### [GIVEN RECORDS]
——————
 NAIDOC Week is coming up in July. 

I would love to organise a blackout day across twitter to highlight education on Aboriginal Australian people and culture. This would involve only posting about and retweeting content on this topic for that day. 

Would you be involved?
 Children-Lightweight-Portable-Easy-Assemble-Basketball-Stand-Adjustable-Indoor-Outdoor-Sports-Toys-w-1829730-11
——————
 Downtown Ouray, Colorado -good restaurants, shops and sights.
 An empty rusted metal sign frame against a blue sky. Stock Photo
——————
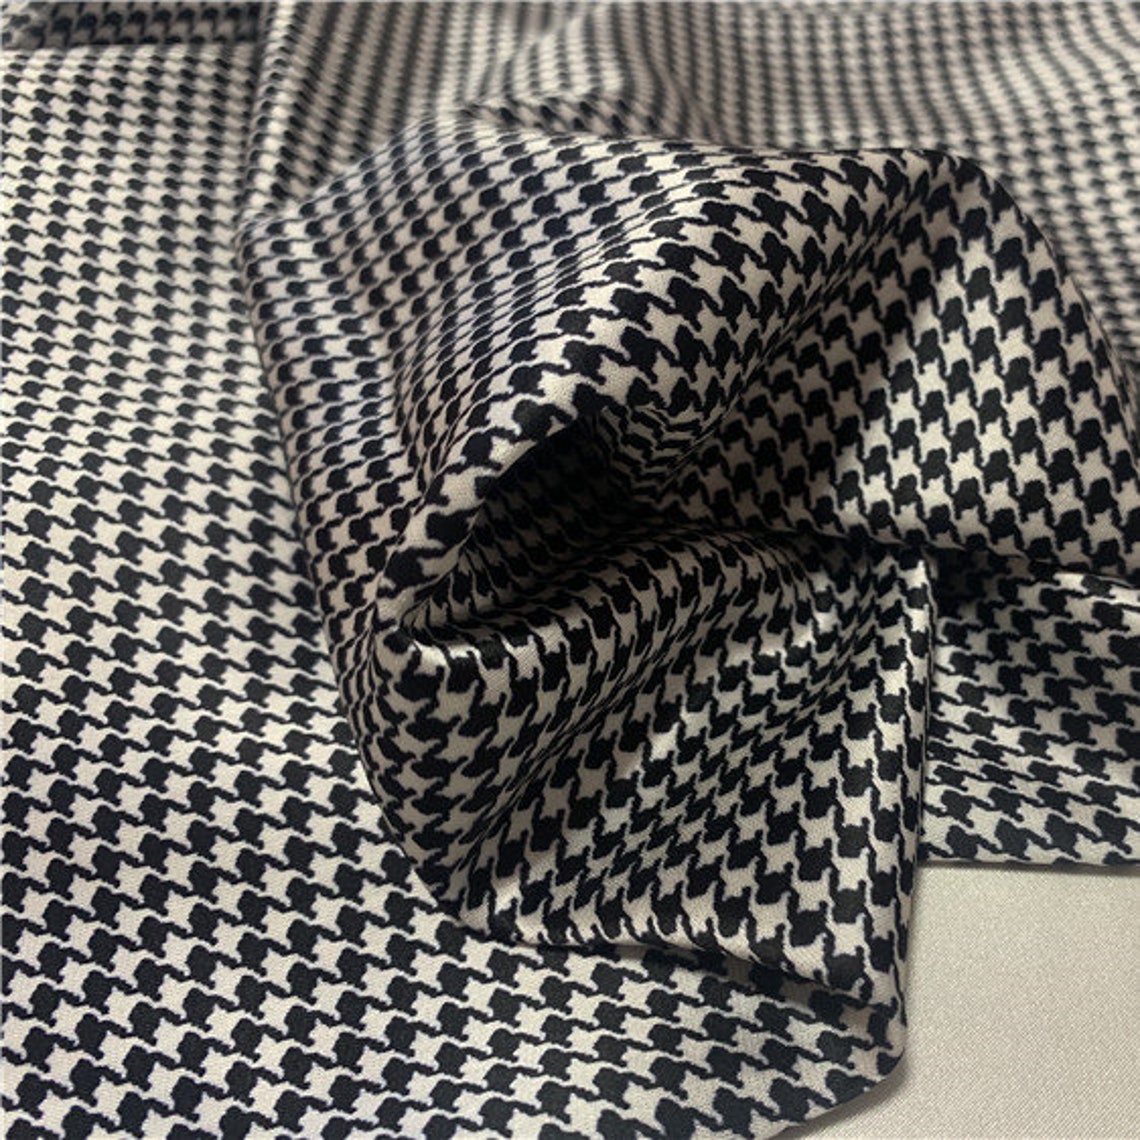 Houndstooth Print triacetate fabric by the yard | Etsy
——————
### [PROMPT]
Above are the records. Print exactly, and only, the lines from the line with "I would love" to the line with "Would you be involved?", both inclusive.

### [YOUR RESPONSE]
I would love to organise a blackout day across twitter to highlight education on Aboriginal Australian people and culture. This would involve only posting about and retweeting content on this topic for that day. 

Would you be involved?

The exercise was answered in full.